I awake on Halloween morning in the same old bed, in the same old dingy, dusty room in Uncle Lenny’s falling-apart farmhouse in Oak Leaf, Wisconsin. I still miss my home in the suburbs of Chicago, the comfort of being part of a bustling town and close to the city. But no longer am I depressed and desperate. No longer does the fact that I am missing out on Aaron Rydell’s Halloween party back home with all of my friends, including my best friend in the world Whitney, bother me.
Since last night, I am a changed person. A new and improved Harper Johnston. I struggle out of bed, regretting leaving the warmth of the ancient mattress, however lumpy it may be. I feel so different, so light and airy, new and improved, that I have trouble believing that the reflection I see in the mirror this morning will really be me.
I walk over to the old oak dresser in the corner (I cannot wait to set up my own furniture from home in this place) and survey my face in the tilting mirror.

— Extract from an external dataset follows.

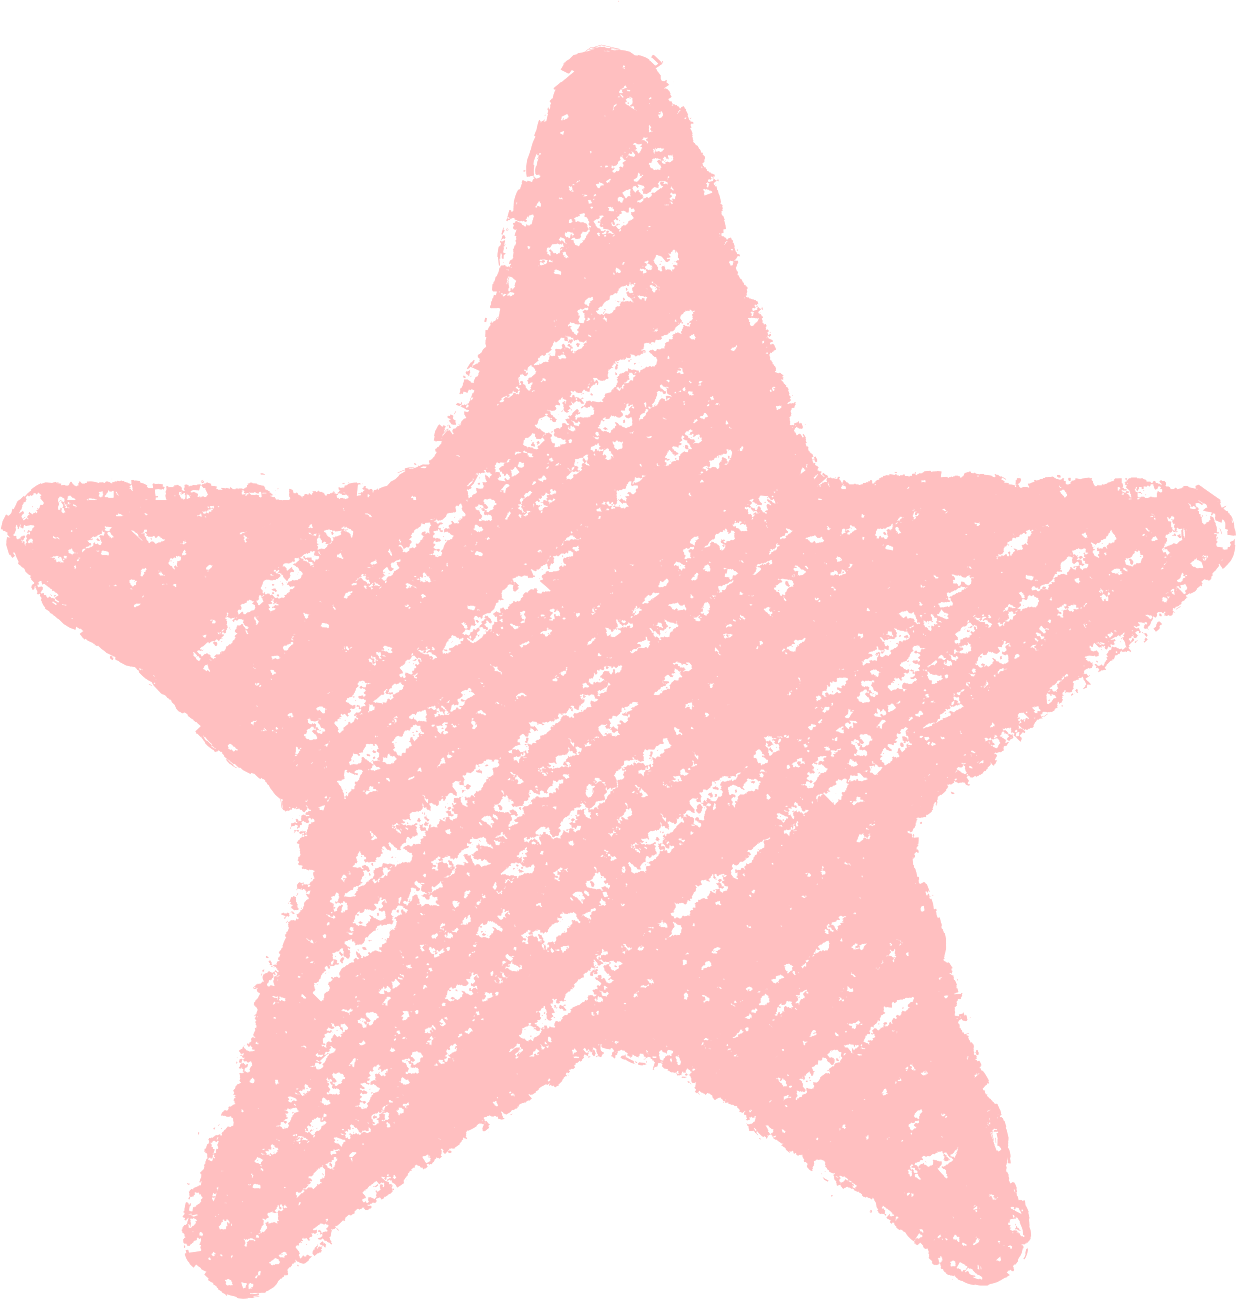 クレヨン塗り背景 パステル 赤色 新(レッド)星のイラスト star_l_red

The tilting-mirror aspect is the only cool thing about the dresser. The rest of it is nicked and scraped and banged-up, as though it’s been through a couple of wars. My grandparents bought this farm house decades ago; it’s where Mom and Uncle Lenny grew up, and I guess money was always tight, because Grammy sure didn’t bend over backwards when it came to furnishings and décor.
The mirror glass itself is slightly wavy with age, but it gives a clear enough picture of me, my long tangle of chestnut curls, my pale face still rosy in the cheeks from sleep, my bleary blue eyes. I’m wearing a hoodie over the flannel p.j.’s I dug out of one of my suitcases the other day. It’s always freezing in the farmhouse, and Uncle Lenny still hasn’t gotten around to caulking the cracks in the window sills.
But what really hits me right now is that I still look exactly the same as I looked yesterday morning and probably every other morning of my life. Nothing in my face, my expression or demeanor, betrays the fact that last night was the single most amazing incident to occur in my entire sixteen-and-a-half years on earth. This is such an ordinary morning, the beginning to such an ordinary day, that I want to laugh at the absurdity of it all.
I quickly wash up and get dressed, put on a little makeup, and tug on two pairs of socks for extra warmth, all the while wondering whether Danny Benson really could have been a product of my imagination. That explanation is almost more feasible than what I know deep down to be the truth—that last night, out in the quiet of the woods and the dark, surrounded by the soft glow of tall white candles and plump orange jack-o-lanterns, I fell in love with the ghost of a boy who was born in 1955, died in 1972, and has dwelled in limbo ever since, taking up residence in the woods of Oak Leaf.
Danny told me that I, Harper Johnston, was the first person he’d ever willingly revealed himself to since the car accident that killed him that rainy, slick night four decades ago as he drove home drunk and crashed his car through a guard rail, skidding down a steep embankment to his untimely death at the age of seventeen. He said he chose me because he could tell I was intelligent, perceptive, feeling. He also thinks I’m beautiful.
And now, whirling down the stairs toward the kitchen, permeated with the aroma of Uncle Lenny’s typical Saturday-morning breakfast of eggs and bacon and biscuits with butter and jelly, I feel alive and beautiful. I feel that moving to the rinky-dink Hick Town of Oak Leaf has all been worth it because I’ve met Danny. I can still feel his kiss on my lips, almost alarming in its magical passion, and the pressure of his fingers twined around mine—the mystical sparks of heat and cold that dart back and forth between our skin.
I can’t wait to see him again. Who needs costumes and best friends and living, breathing boys and Aaron Rydell’s wild Halloween party in a huge, un-chaperoned mansion when there’s the ghost of Danny Benson around? I wheel into the kitchen, all-smiles, sliding across the linoleum on my socks.